House prices in the UK have risen significantly over the past year. For first-time buyers, affording a home has become increasingly difficult. Fortunately, there are several government schemes available to help these buyers get on the property ladder. One of these schemes is the Help to Buy: Equity Loan, which offers buyers the opportunity to increase the size of their deposit on a new-build property.
New research has now revealed the best locations in England to buy a first home using the Help to Buy scheme.
How does the Help to Buy loan scheme work?
With the Help to Buy: Equity Loan scheme, the government provides you with a loan of up to 20% of the purchase price (40% if in London) for the purchase of a new-build home worth up to £600,000.
You have to provide a deposit of at least 5% and get a mortgage for the remaining amount.

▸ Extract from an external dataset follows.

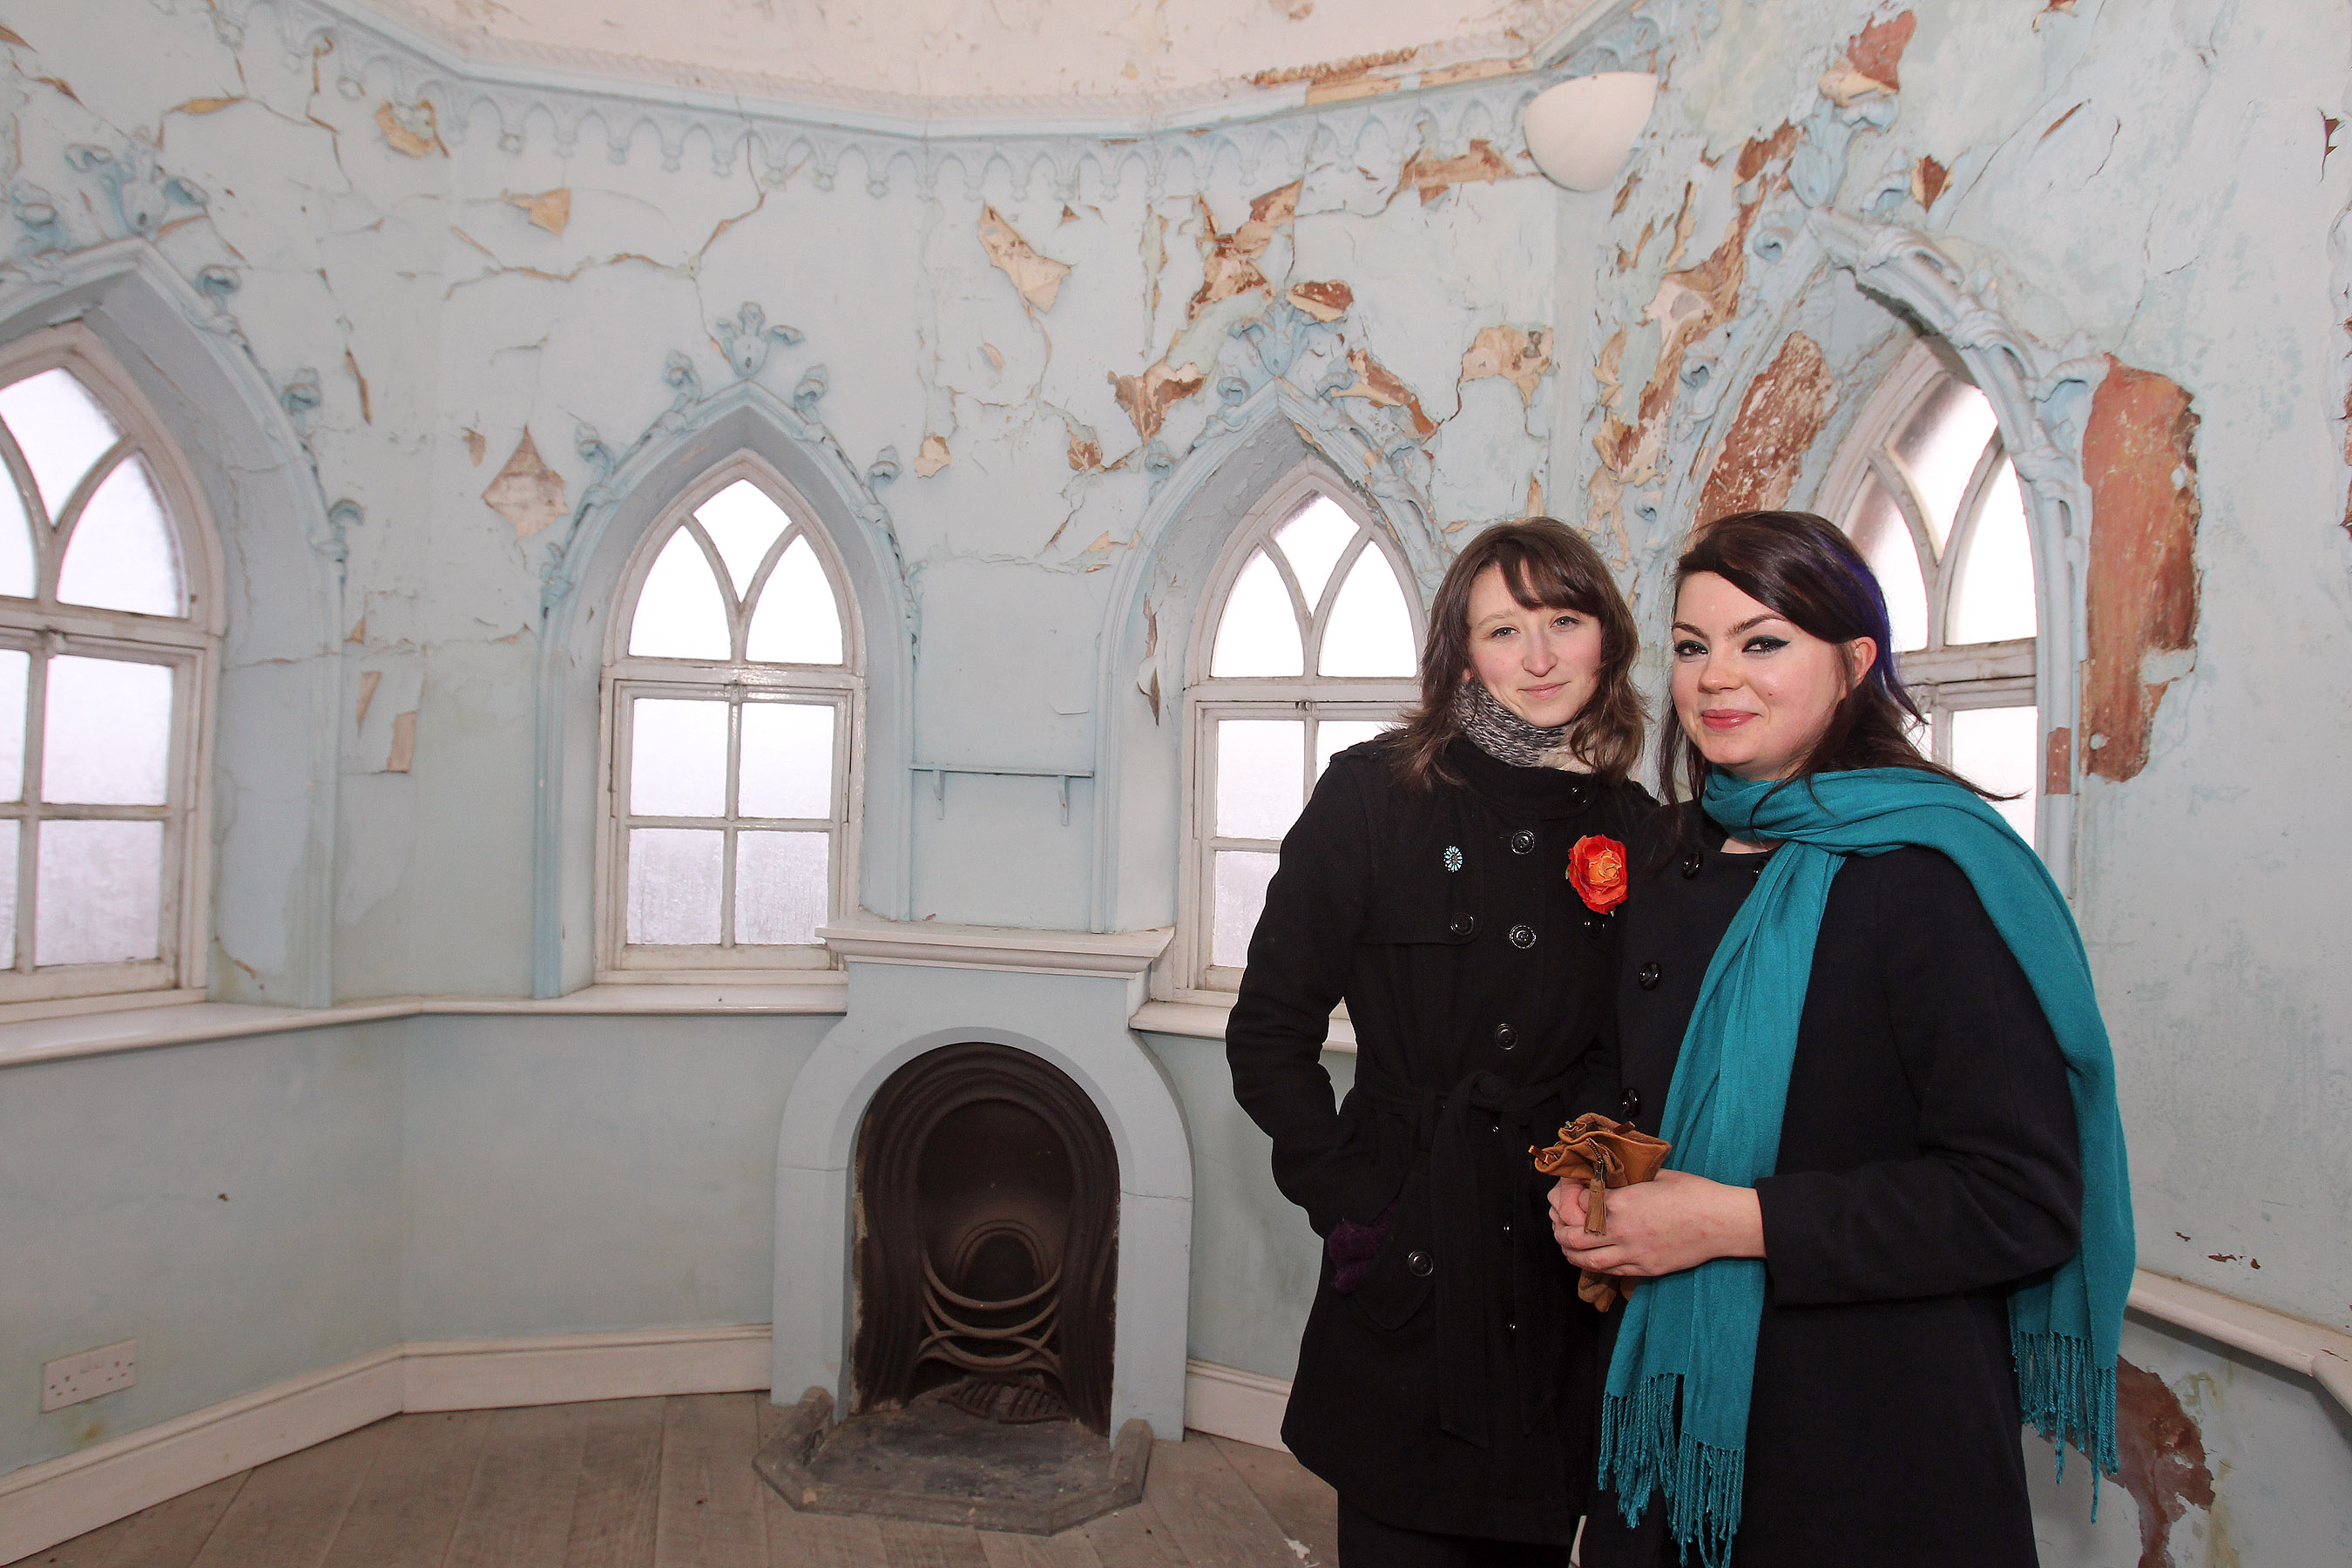 Artists Naomi Wood (left) and Elizabeth Jordan inside the imposing Perrott's Folly tower in Edgbaston

The equity loan is interest-free for the first five years.
One of the requirements of this scheme is that the property must be bought from a registered Help to Buy homebuilder.
Where are the best areas to buy using the Help to Buy scheme?
Property portal Movestreets has analysed estate agent listings across England to identify the locations that have the most homes available with Help to Buy.
The research shows that the best place to snag a home using the Help to Buy scheme is Suffolk. In this county, 3.6% of all the homes listed are eligible for the Help to Buy scheme.
Closely following Suffolk is Buckinghamshire, where 3.4% of all home listings qualify for the scheme. Cambridgeshire comes in third place, with 3.3% of homes eligible for the scheme. Norfolk (3.3%) and Bedfordshire (3.1%) round out the top five.
Other areas where buyers have a high chance of getting a home through the Help to Buy scheme are:
- Surrey (3%)
- Bristol (3%)
- Berkshire (3%)
- Northumberland (2.9%)
- Somerset (2.8%)
Overall, the research shows that the average proportion of properties for sale with Help to Buy in any given county in England is 1.8%.
Which areas are the worst?
According to the research, Merseyside has the lowest number of properties under the Help to Buy scheme at only 0.2%.
This is followed by West Yorkshire and Worcestershire, both at 0.4%, and then the Isle of Wight at 0.5%. Others are Cheshire (0.7%), Herefordshire and Cornwall (both at 0.8%).
What do you need to know before you apply for the Help to Buy scheme?
The Help to Buy scheme can help make your homeownership dream a reality, but it comes with risks.
One risk is that the amount you must repay may not be equal to the amount you borrow. It is based on the value of the property at the time of payment. If the value of your property goes up, so will the amount you have to repay.
In the current climate of rising house prices, homebuyers risk paying thousands of pounds more than they borrowed.
Furthermore, one of the Help to Buy scheme’s key criteria is that the loan can only be used for new-build properties. Although new-build properties have their advantages, including modern specifications and being more energy-efficient, they are usually priced at a premium compared to older houses.
The requirement for the property to be bought from a registered Help to Buy homebuilder can also add another premium to the price that you have to pay as a first-time buyer.
So, before you go down this route, carefully analyse your personal circumstances and finances to determine whether it’s the right option for you.
What other options are available?
Should you decide that Help to Buy is not a good option, the good news is that there are other government schemes available to help you get on the property ladder. These include the Mortgage Guarantee Scheme and the First Homes Scheme.
Meanwhile, if you are working hard to build a deposit, consider putting some of your savings into a Lifetime ISA for faster growth. You can save up to £4,000 each year in a Lifetime ISA and enjoy a 25% bonus from the government to use towards the purchase of your first home.
If you have a longer time frame for purchasing a home, it may be worthwhile looking into a stocks and shares ISA. While investing in stocks is inherently risky, it has the potential to provide higher returns than a traditional savings account.